Schriftrollen vom Toten Meer

Tempelrolle 11QTa (11Q19) im Schrein des Buches (Israel-Museum, Jerusalem)

Die Schriftrollen vom Toten Meer (englisch Dead Sea Scrolls) oder Qumran-Handschriften sind eine Gruppe von antiken jüdischen Texten, die elf Höhlen nahe der archäologischen Stätte Khirbet Qumran im Westjordanland zugeordnet werden. Von 1947 bis 1956 wurden die Höhlen entdeckt, meist von Beduinen. Die Handschriften wurden teils aus dem Antikenhandel erworben, teils bei der archäologischen Untersuchung der Höhlen gefunden. Etwa 15 Buchrollen sind noch als solche erkennbar. Der Rest, geschätzt 900 bis 1000 Rollen, ist in mehr als 15.000 Fragmente zerfallen. Die Handschriften werden aufgrund der Buchstabenformen (paläografisch) in die Zeit vom 3. Jahrhundert v. Chr. bis ins 1. Jahrhundert n. Chr. datiert. Mit der Radiokarbonmethode wurde diese Datierung in einigen Fällen überprüft und bestätigt. Die meisten Texte sind in hebräischer Sprache verfasst; fast alle sind literarisch und haben einen religiösen Inhalt. Alltagstexte wie zum Beispiel Briefe gibt es kaum. Der literarische Charakter unterscheidet die Qumranhandschriften von anderen antiken Textfunden in der Region (mit Ausnahme von Masada) und lässt sie, trotz der Vielfalt des Inhalts, für viele Fachleute als zusammengehörig erscheinen.

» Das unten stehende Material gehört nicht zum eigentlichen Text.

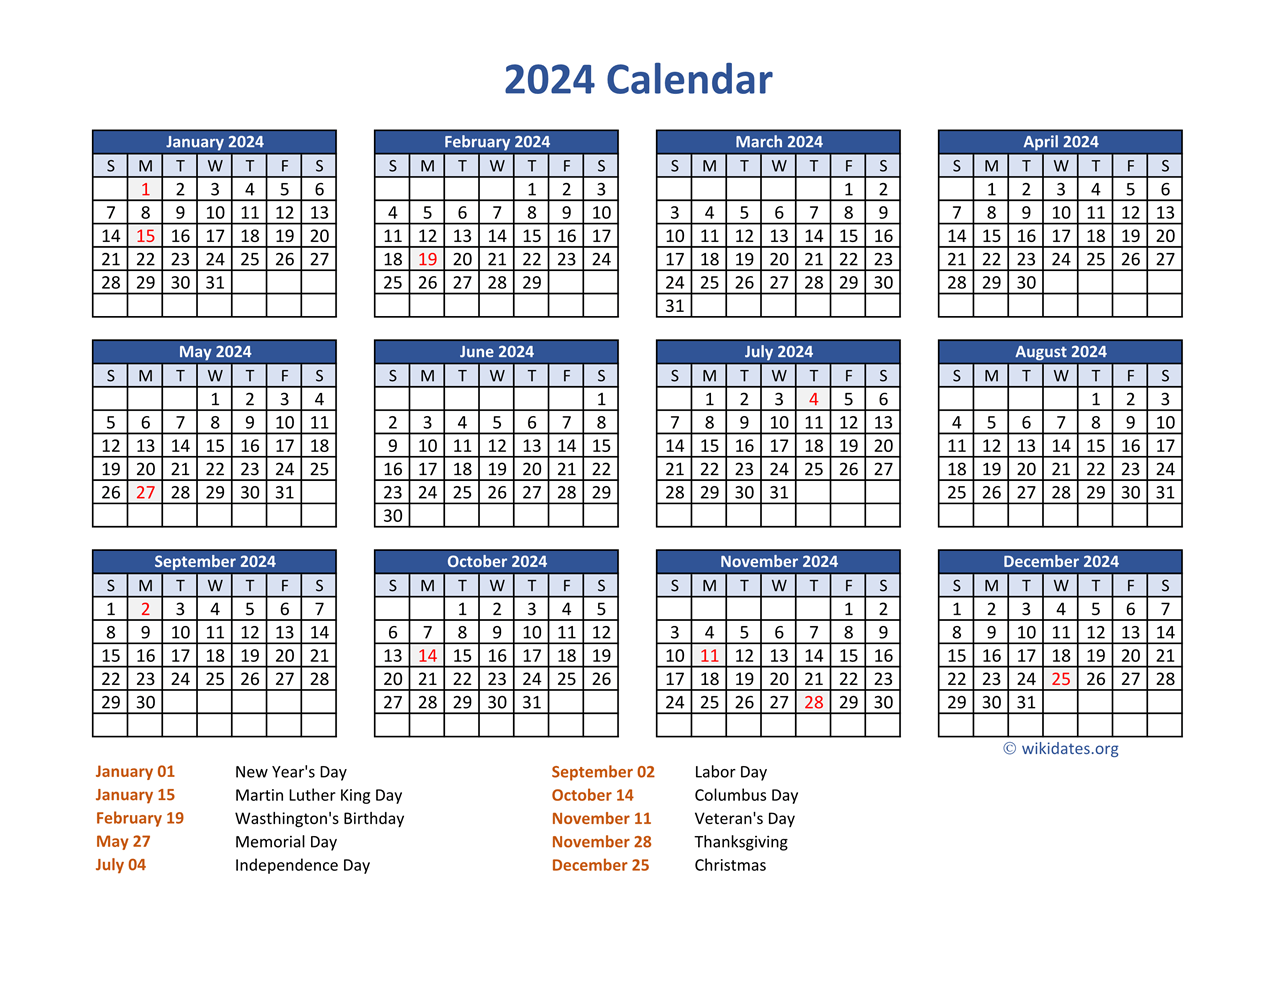 Pdf Calendar 2024 With Federal Holidays | Wikidates for 2024 Calendar With Holidays Printable

Für die Textgeschichte der Hebräischen Bibel (des jüdischen Tanach bzw. des christlichen Alten Testaments) sind die Schriftrollen vom Toten Meer von herausragender Bedeutung. Der später im Judentum kanonisch gewordene Masoretische Text steht einem Typ von Qumranhandschriften sehr nahe, was das Alter und die Qualität der jüdischen Schreibertradition unterstreicht. Dieser proto-masoretische Text hat aber kein Monopol. Es gibt unter den biblischen Qumranhandschriften ein gleichwertiges Nebeneinander verschiedener Texttypen.

Das hellenistische und frührömische Judäa war bis zu den Qumranfunden fast nur durch Schriften bekannt, die in einem jahrhundertelangen, meist christlich gesteuerten Auswahlprozess überliefert worden waren. Die Qumranhandschriften dagegen enthalten ein von mittelalterlichen Kopisten unzensiertes Spektrum antiker jüdischer Literatur. Im Mittelpunkt steht die Tora: Manche Qumranschriften rücken eine Haupt- oder Nebenfigur der Tora ins Zentrum. Es gibt freie Nacherzählungen von Tora-Stoffen. Andere Autoren brachten die Rechtstexte der Tora in eine neue Reihenfolge und entwickelten sie weiter.

Im Qumranschrifttum hebt sich eine Gruppe von Texten heraus, die in einer jüdischen Gemeinschaft mit besonderer Prägung verfasst worden waren. Diese Gemeinschaft nannte sich selbst Jachad und wird in der Forschung oft mit den Essenern identifiziert. Mitglieder des Jachad befolgten die Gebote der Tora mit großer Radikalität und darüber hinaus eigene Gebote, von denen man außerhalb des Jachad nichts wusste. Der Jachad lehnte den Jerusalemer Tempel ab und glaubte, dass die Liturgie in der eigenen Gruppe den Jerusalemer Opferkult ersetzen könne. Viele Verfasser waren überzeugt, in der Endzeit zu leben. Das war kompatibel mit einem Interesse an Weisheitsliteratur, die im Spektrum der Qumranschriften gut vertreten ist. Was unter den erhaltenen außerbiblischen Schriftrollen vom Toten Meer dagegen fehlt, sind historische Werke.

Personen des Urchristentums werden in den durchschnittlich 100 Jahre älteren Qumrantexten nicht genannt. Für die Judaistik eröffnen die Handschriften vom Toten Meer neue Einsichten in die Entwicklung der Halacha.